WHAT YOU SHOULD DO: Line by line, transcribe the data below exactly and pass over the images.

GIVEN MATERIAL:
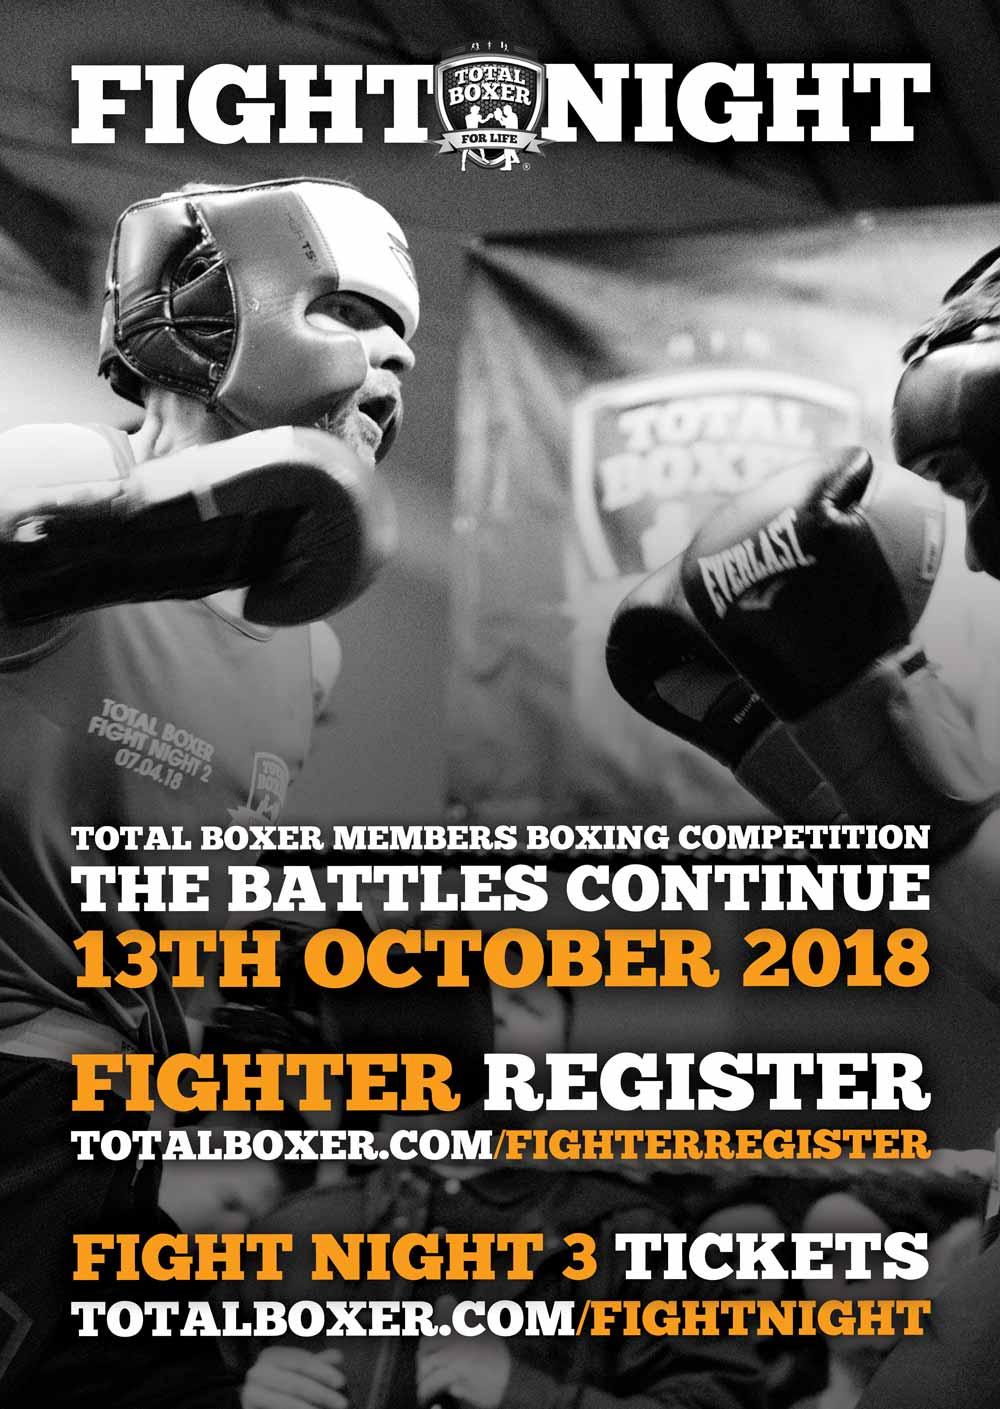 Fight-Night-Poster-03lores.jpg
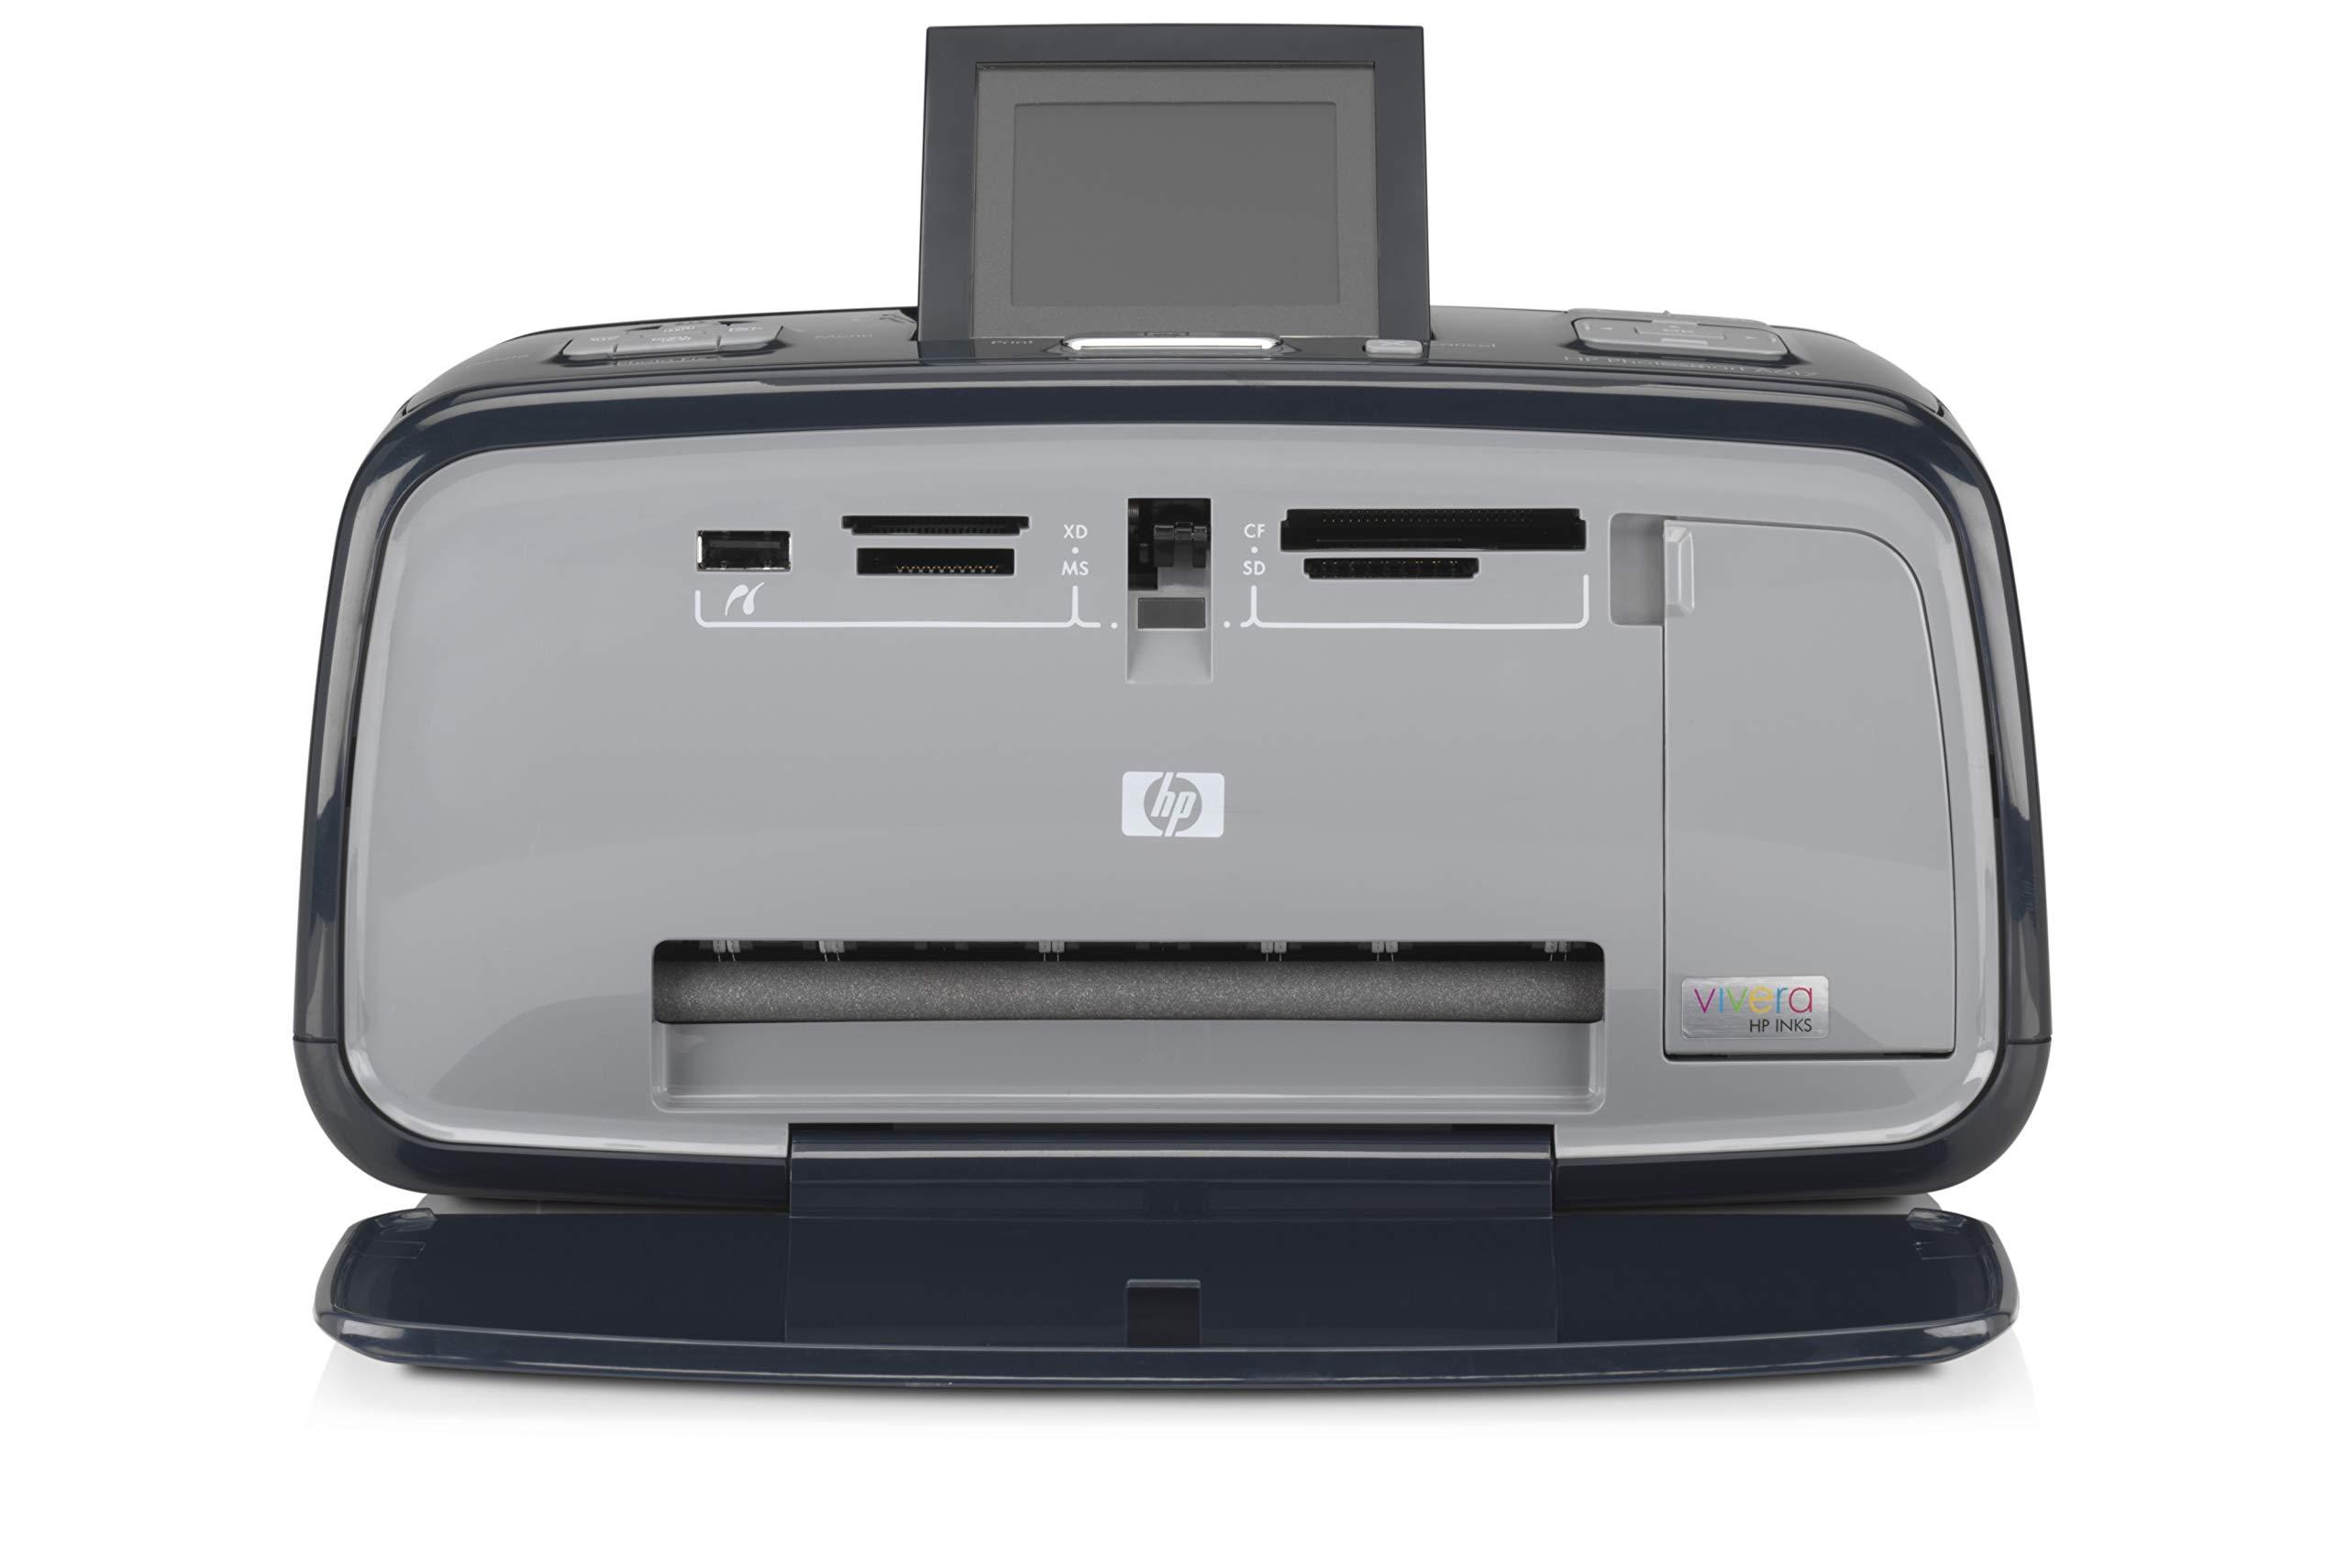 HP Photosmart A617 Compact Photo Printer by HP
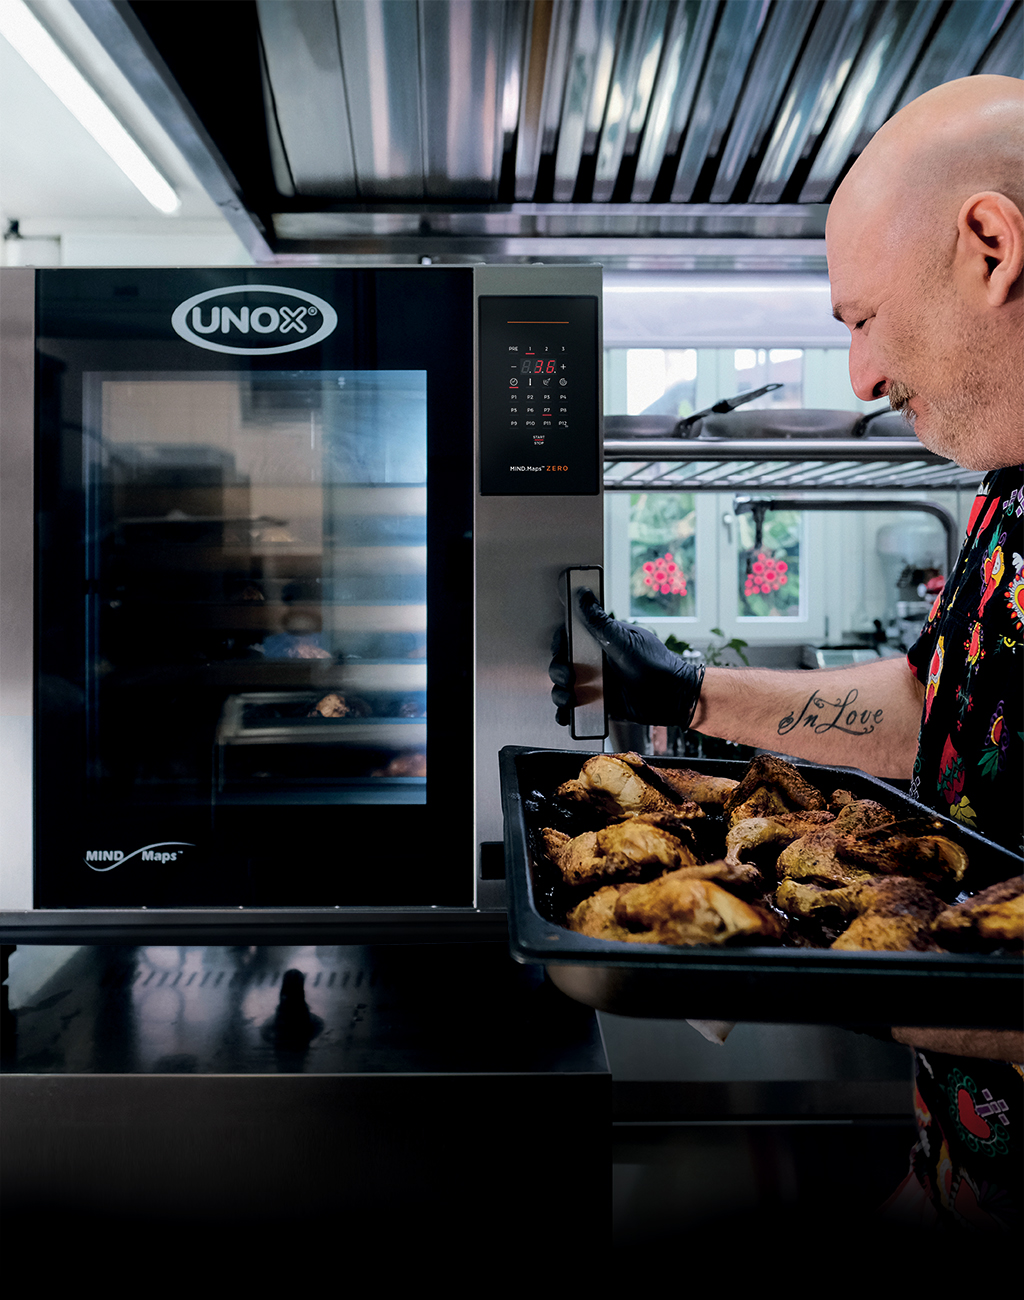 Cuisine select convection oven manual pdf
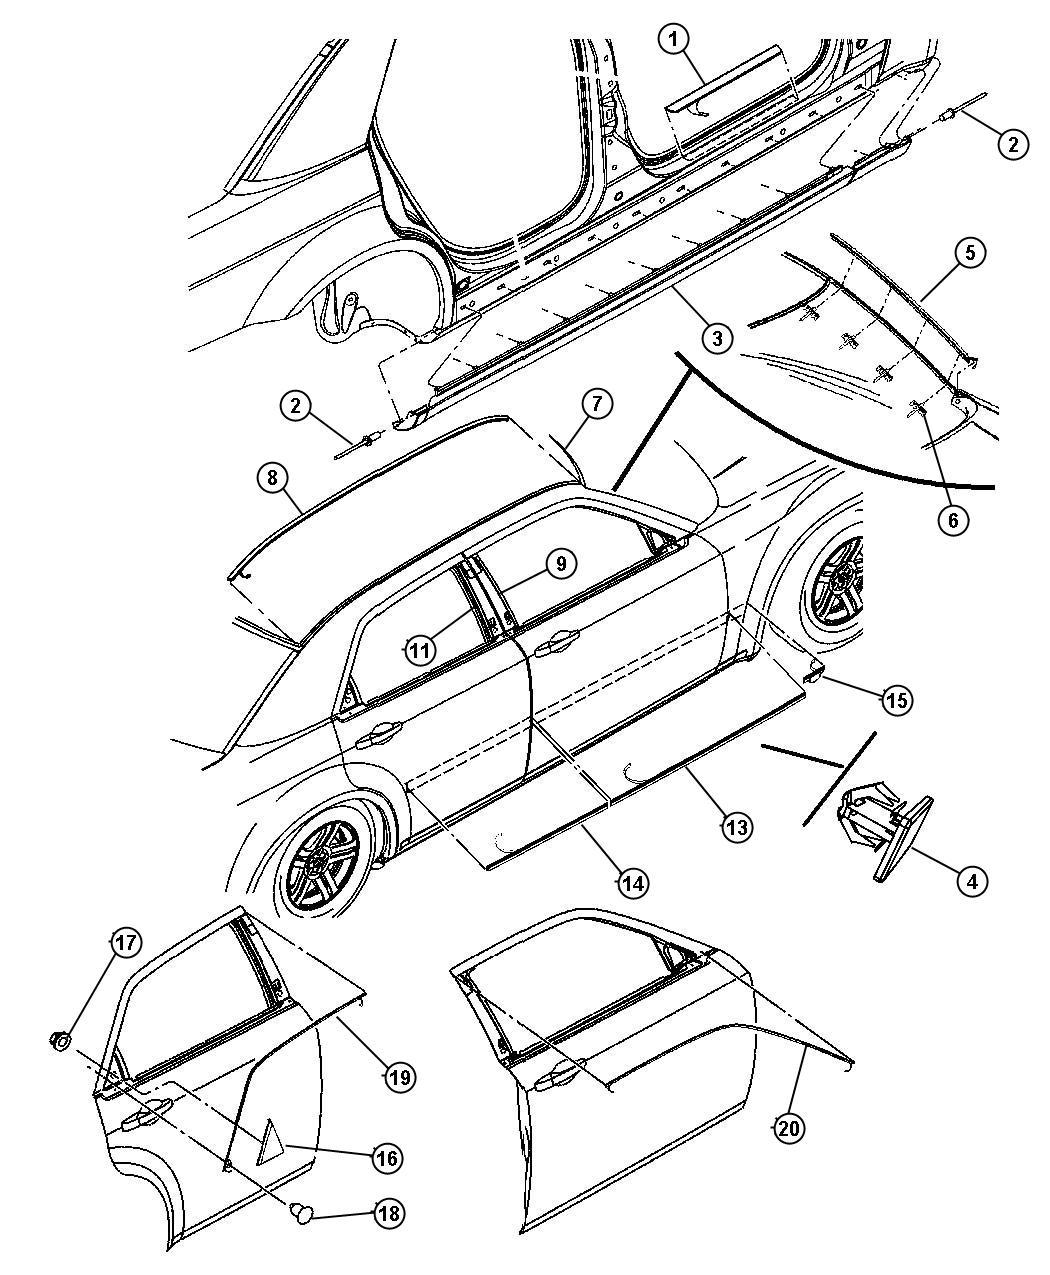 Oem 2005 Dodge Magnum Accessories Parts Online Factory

RESULT:
 Fight-Night-Poster-03lores.jpg
 HP Photosmart A617 Compact Photo Printer by HP
 Cuisine select convection oven manual pdf
 Oem 2005 Dodge Magnum Accessories Parts Online Factory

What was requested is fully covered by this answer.